A statement produced by participants in the current street protests, strikes, and social struggle in Turkey.
What we see
Clouds gathering North and South.
Public spaces, street corners, poor neighborhoods shouting out loud for true democracy. From Tahrir to Sintagma, crowds are urging us all to see: see the inequalities of a system in total crisis, of the dirty games of technocrats and parliamentaries, of insecure of dictators and false democrats.
They would have us without any alternative – all we can do is play by the rules. Work more. Make do with less. And be content with what is left. The consequence of this 30 years-old lie is yet more inequality and more servitude.
It is to this lie that the present revolts. This is where we begin our struggle.
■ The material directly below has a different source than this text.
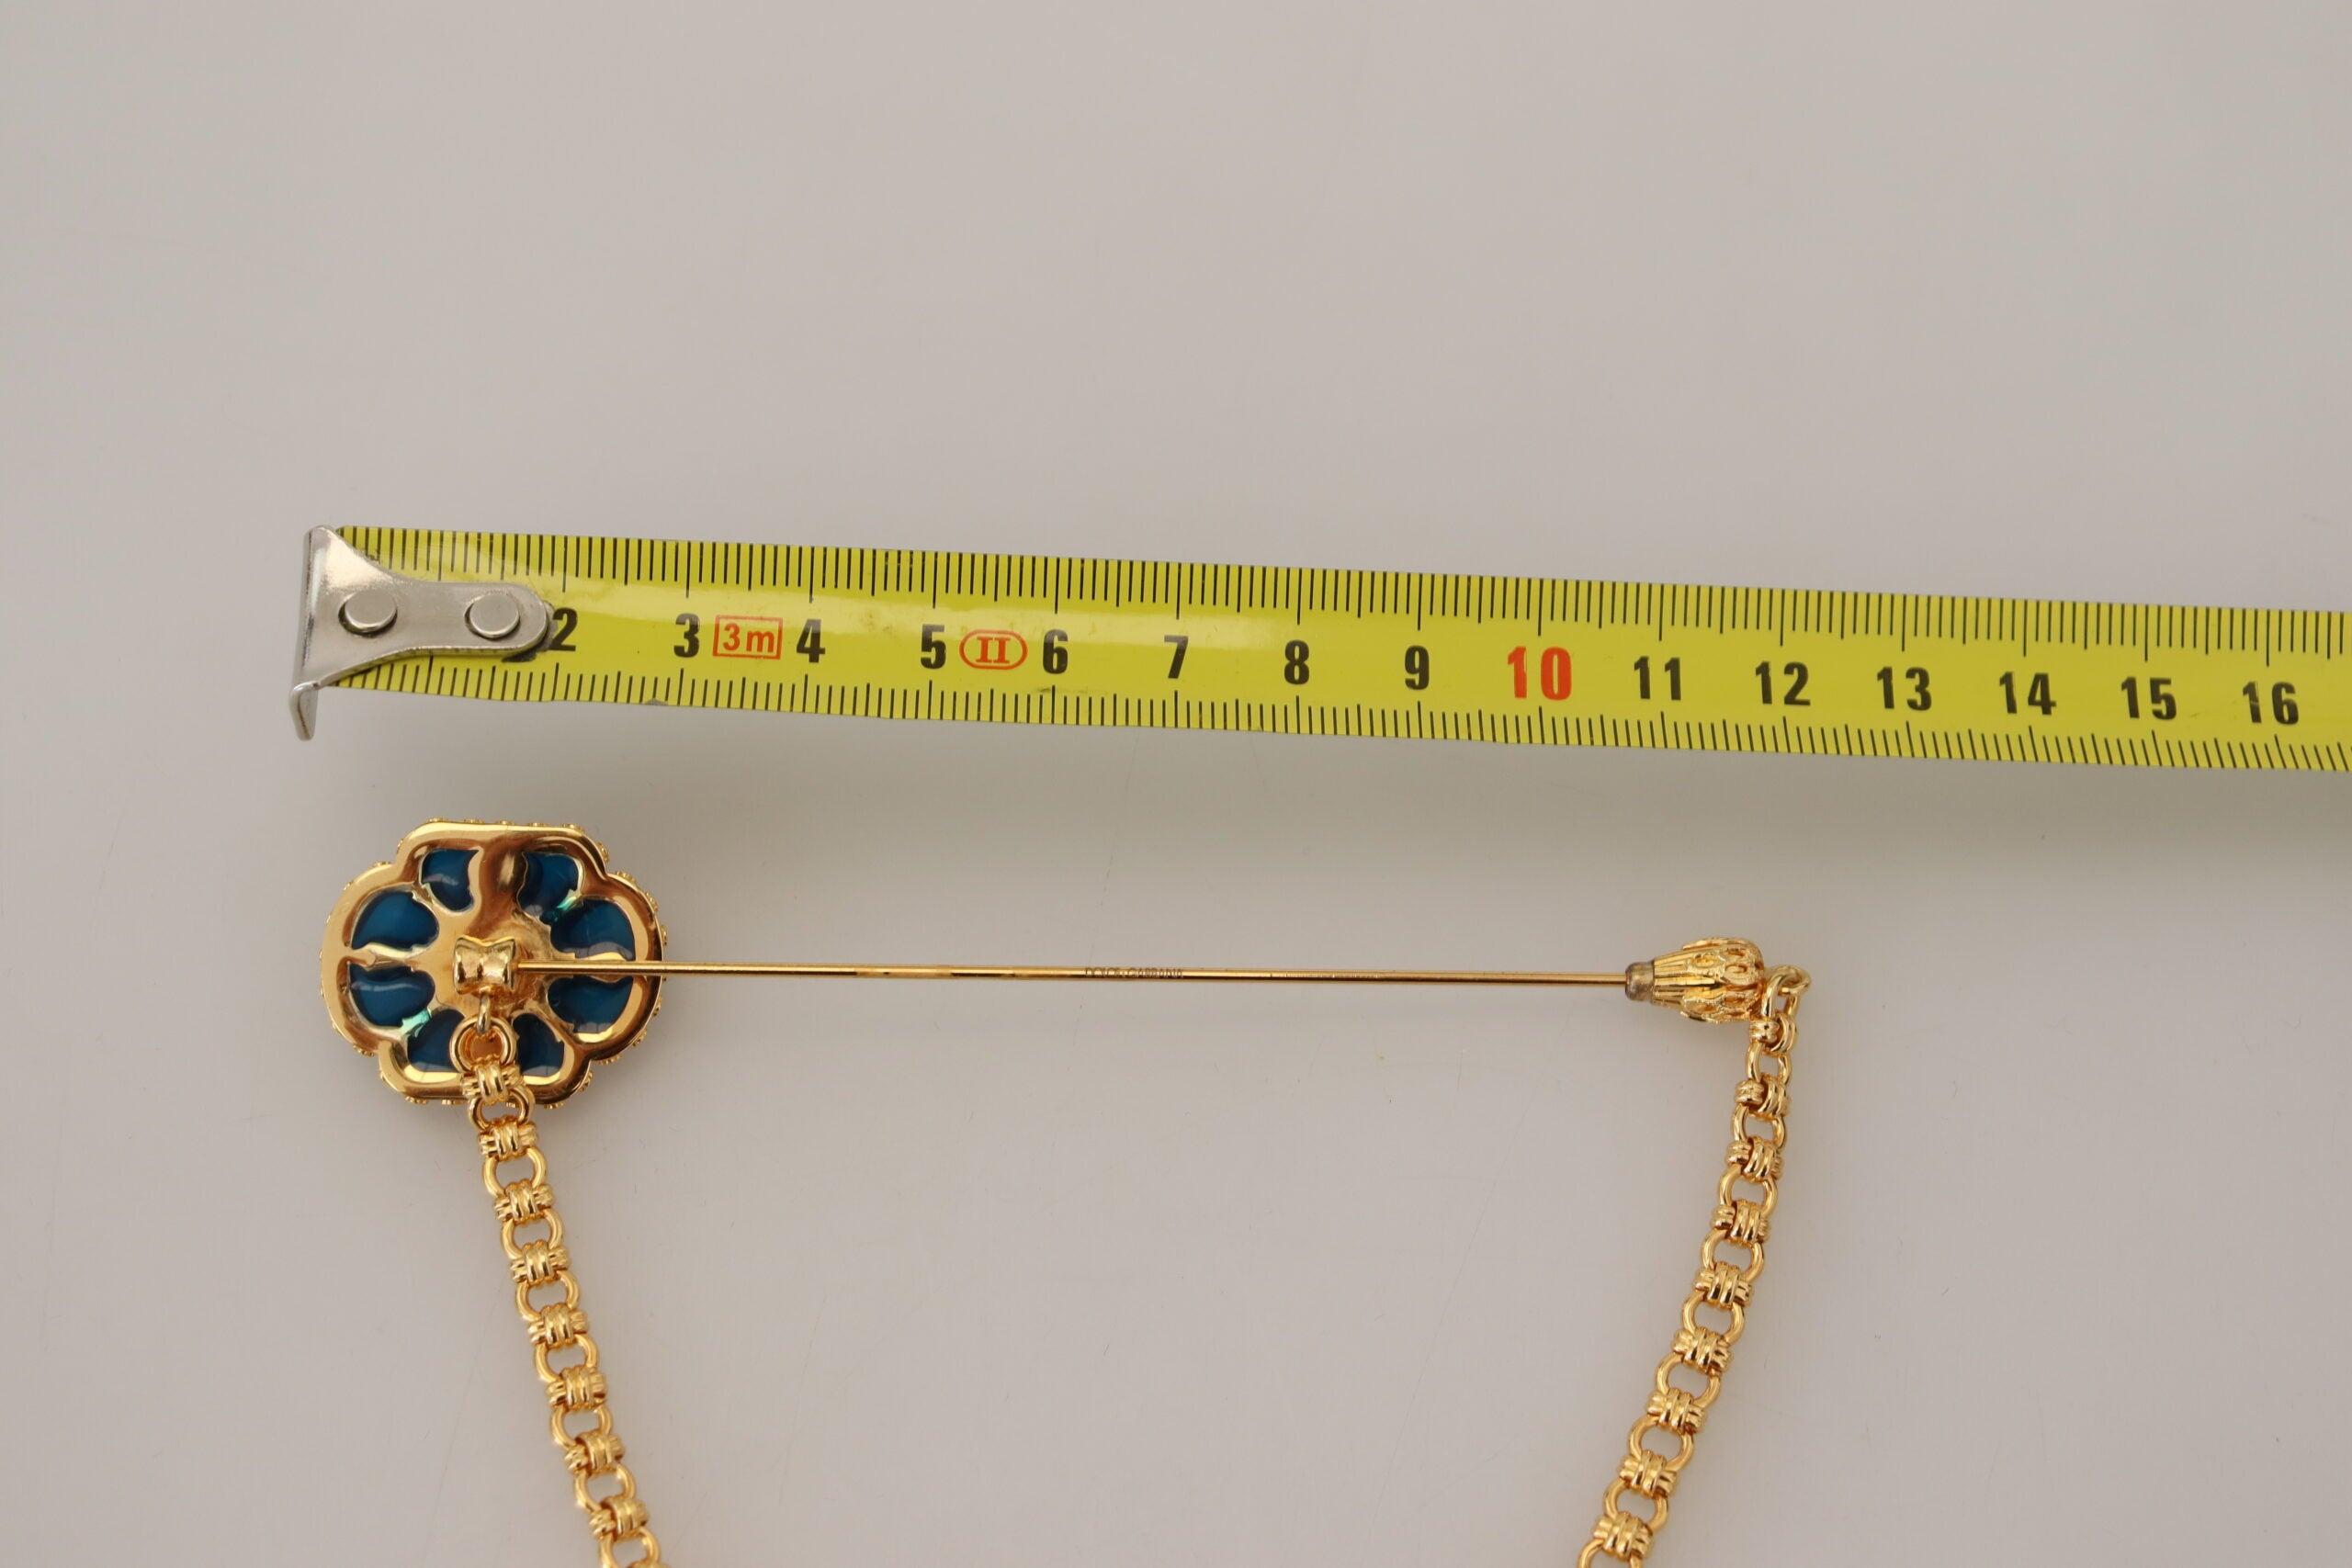 Crown stick pin brooch in yellow and white gold with curly gold

The capitalist system can no longer hide the consequences of the crisis it is crippling into. Fast-paced ecological destruction and global economic crisis mean the same thing for all the poor and the oppressed throughout the world: disaster. Year after year, unemployment rates increase against all statistical manipulation; some are marginalized by being declared “unemployable”, while the great majority of those who are able to find a job are condemned to precarious work. Young people and women are the first ones to live in poverty more than any other, no matter how hard they work. Basic social rights such as education, heath care and accomodation are being attacked one by one – we can benefit from them just as long as we are able to buy. The consequences of the global economic inequality are forcing millions to migration either directly – through hunger and deterritorialization – or indirectly through conflicts and wars. Those who line up at the blind gates of the civilized world, victims of constant discrimination and racism, can ok,nly exist as cheap labor force easily spendable, and be drawn into even more miserable conditions life than the poor people of their new homeland.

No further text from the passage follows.